# Newish furry, need help perfecting my Fursona



## brian577 (May 2, 2016)

Only been a member of the fandom for few months and I'm trying to get this Fursona right.  It's supposed to be eventually made into a fursuit.  Working with the builder's concept artist this what I came up with.  







I'm fairly satisfied with the design but since I have a few months before work begins on the suit I thought I'd run the character by you guys to see if there is room for improvement.  The back is my biggest concern, it looks a bit plain and I'm wondering if another color would help (preferably not black)


----------



## Ivory-Brier (May 2, 2016)

With such a simple design as this, I recommend blemishes! Maybe a small brown mole on the shoulder, or heterocromia? Or you could go with accessories like a tote bag or a tatoo/piercing? I love simple designs but I do feel they sometimes need more character.


----------



## cyclingswitch (May 3, 2016)

Personally, I love it. Then again, I am a very simple gold fox.  I am supposed to have blue spiky hair between the ears too (if you are looking at my avatar) but haven't got a chance to pull out the airbrush to color some fur yet.


----------



## Sergei Nóhomo (May 3, 2016)

Props to you for not being a special snowflake and getting rainbow patterns or neon green fur/designs. Only thing I see a bit off would be the legs compared to the rest of the body as they're too thick when you take into account the arms and the waist is a bit wide for a male.


----------



## RinkuTheRuffian (May 3, 2016)

Yeah, this is a great start!  Always respect for the simple fursonas.


----------



## Toby_Morpheus (May 3, 2016)

It looks good to me if you're going for a minimalist approach.
If you want more detail but stick with the simplistic theme, you could add a thin line between the reddish and white parts.

Some colors I'd recommend would be analogous colors, like orange or maybe a violet, or complementary colors, like a green.
But since the fur used here isn't pure red, you'd probably want to use more muted versions of these colors.
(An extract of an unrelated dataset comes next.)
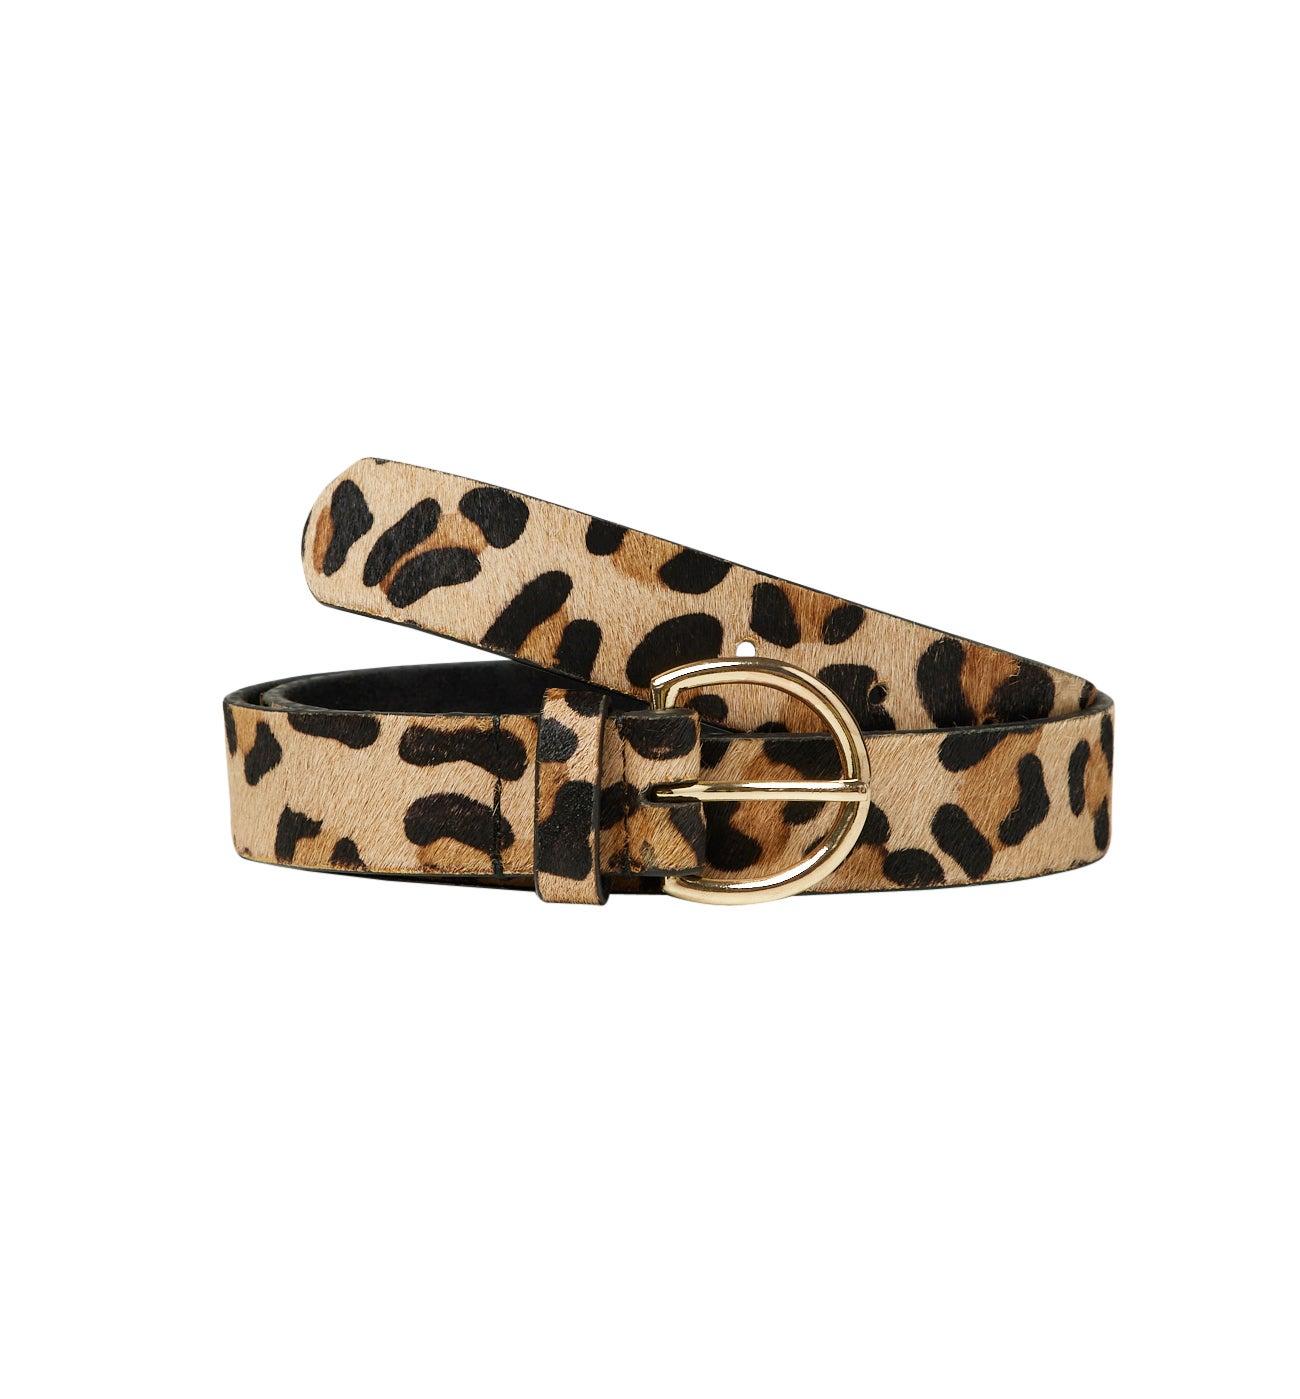 Ceinture en cuir effet léopard
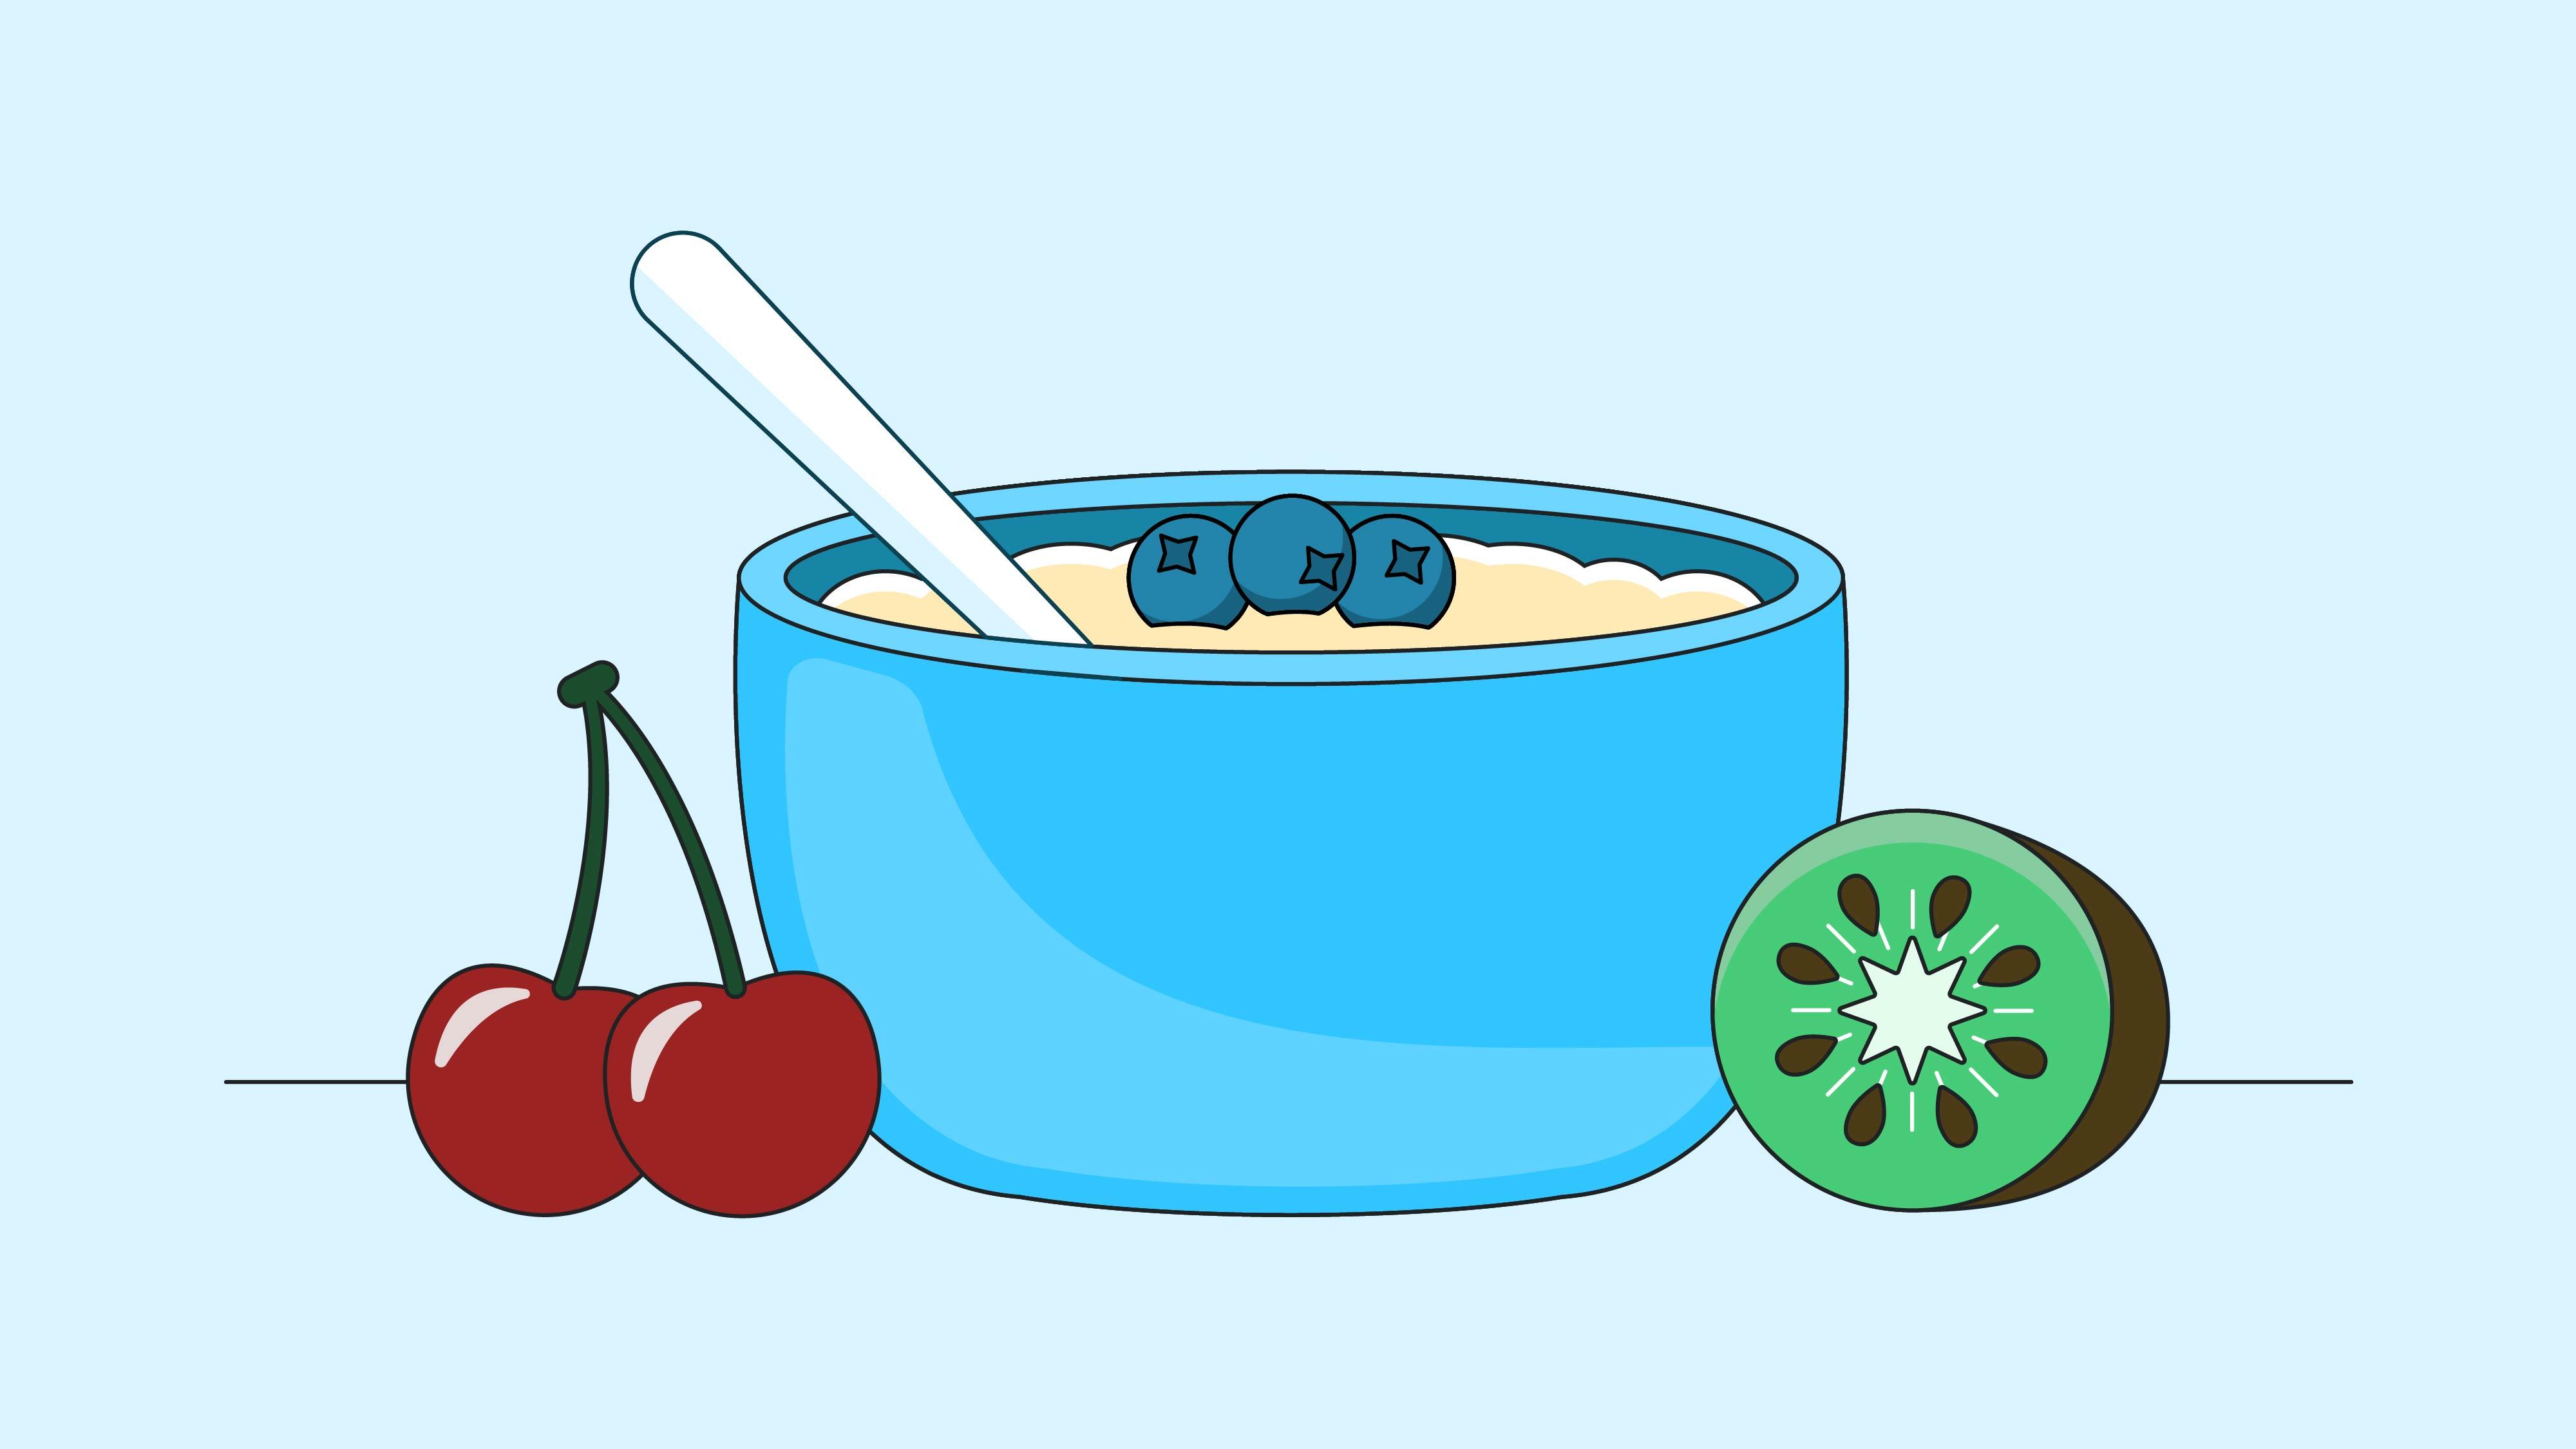 kiwi, oatmeal and tart cherry

Also, welcome to the forum.
Enjoy your stay.


----------



## Sergei Nóhomo (May 3, 2016)

Prometheus_Fox said:


> It looks good to me if you're going for a minimalist approach.
> If you want more detail but stick with the simplistic theme, you could add a thin line between the reddish and white parts.
> 
> Some colors I'd recommend would be analogous colors, like orange or maybe a violet, or complementary colors, like a green.
> ...


_Analogous
_
This is honestly the first time I've ever heard anyone mention it in years. Do people even know what complimentary and analogous are? Because I feel like a lot of people will have no clue if someone suggests them.


----------



## Toby_Morpheus (May 3, 2016)

Sergei Nóhomo said:


> Do people even know what complimentary and analogous are?


I sure hope so.
If not, at least basic color theory isn't too convoluted to learn.


----------



## brian577 (May 4, 2016)

Thanks for all the advice, since most people like the design, I'll keep it as is.  I'll probably look into some accessories though.


----------



## brian577 (Jul 22, 2016)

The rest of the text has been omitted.